Final reflections: collaboration and innovation
[00:45:33] Stuart Lowe That's a really interesting vision. And I hope it does become reality, because you're right, it will it will allow more people to to get closer to these therapies. It should bring down costs, like you say. And this is something that is is as possible to do, just hasn't been done before. So that was probably the trepidation. I was really interested to hear Matt's perspective on how innovation is supporting the cell and gene therapy industry. My key takeaways from our conversation were alongside clinical success comes failures, two, companies that can fail fast and move on to more promising drug candidates stand a better chance of backing winners. Invest in the right areas. Some in gene therapy development requires a lot of CMC, and companies need to be looking at data collection and assay development early on in the product lifecycle. Keep humans in the loop. New technology should be seen as an opportunity to augment the role of operators rather than looking to replace them. As we've heard in this episode, there's no one size fits all approach to how we accelerate the development of cell and gene therapies.
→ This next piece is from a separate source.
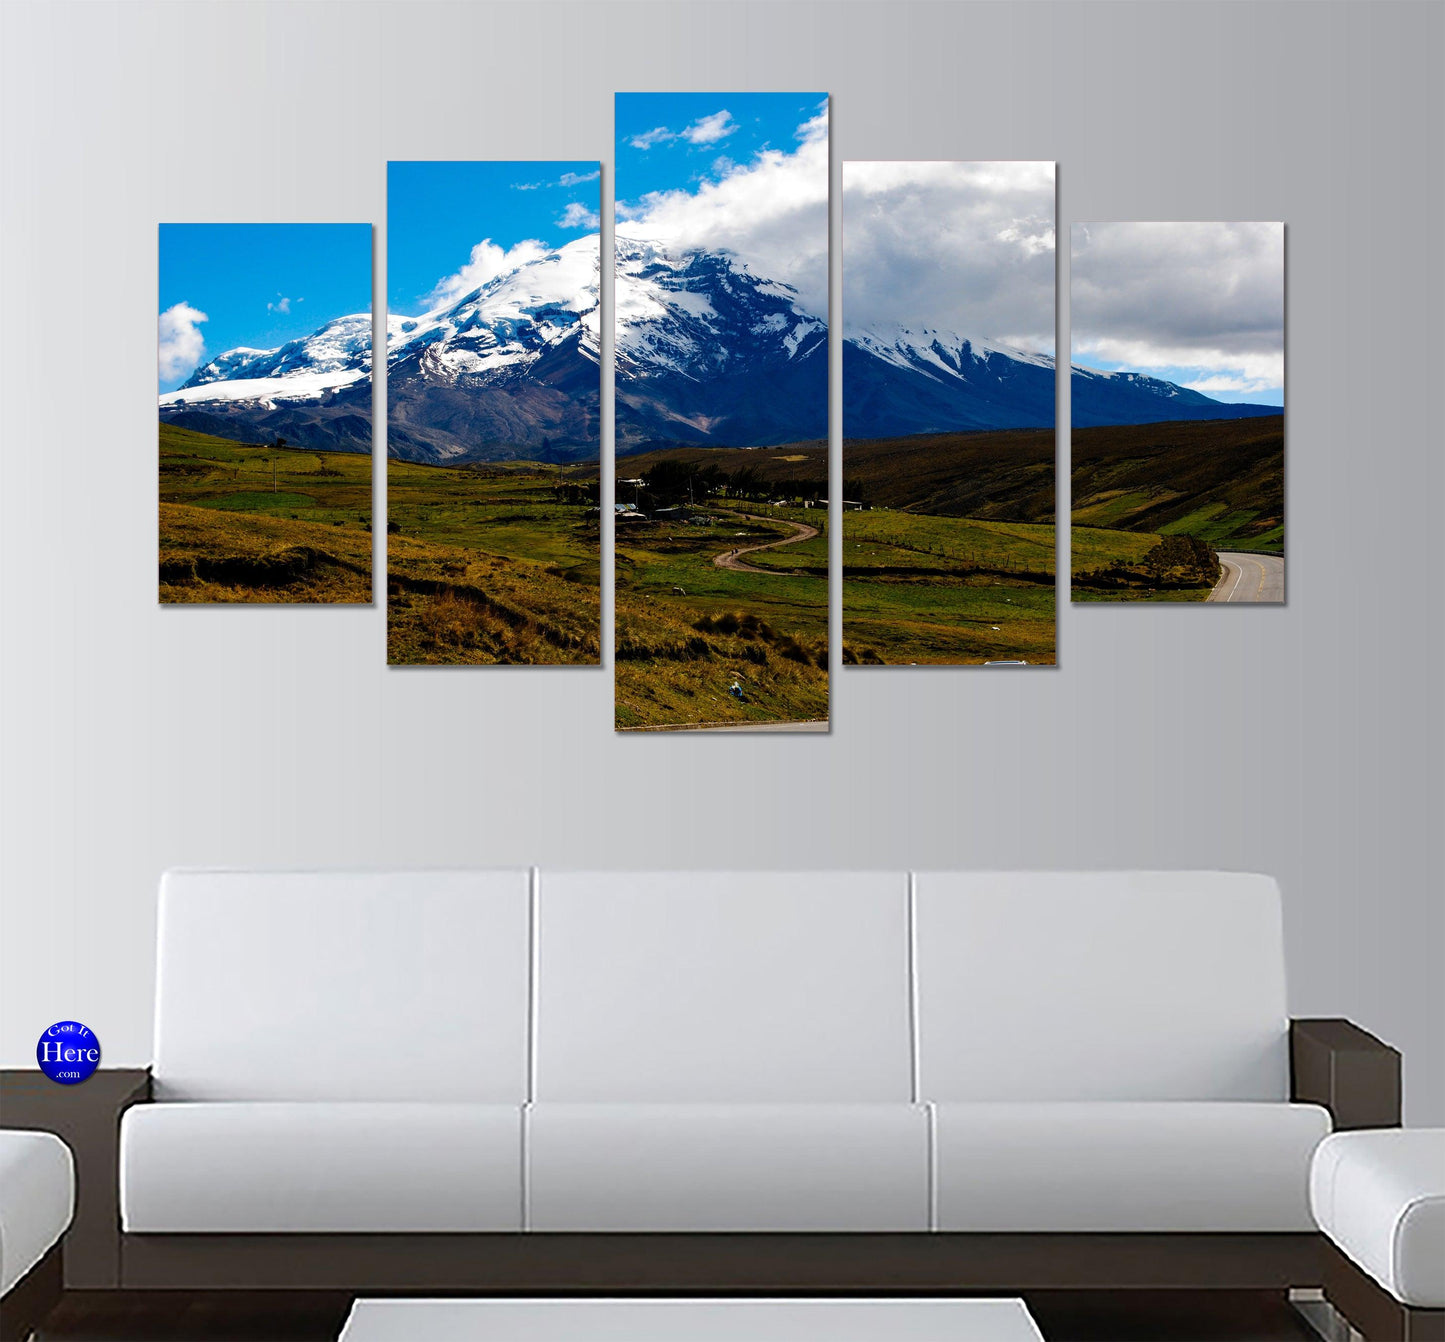 Chimborazo Volcano Ecuador 5 Panel Canvas Print Wall Art - GotItHere.com

But the decisions we take early on in development can have a knock on impact even as far as the clinic. Working with partners can help inform that assessment of how innovation can be deployed and what impact it has on your operations. There's a wealth of experience out there. It's just a case of using it at the right time. And if we do this right, there's no doubt that the potential of cell and gene therapies will be felt by patients across the globe.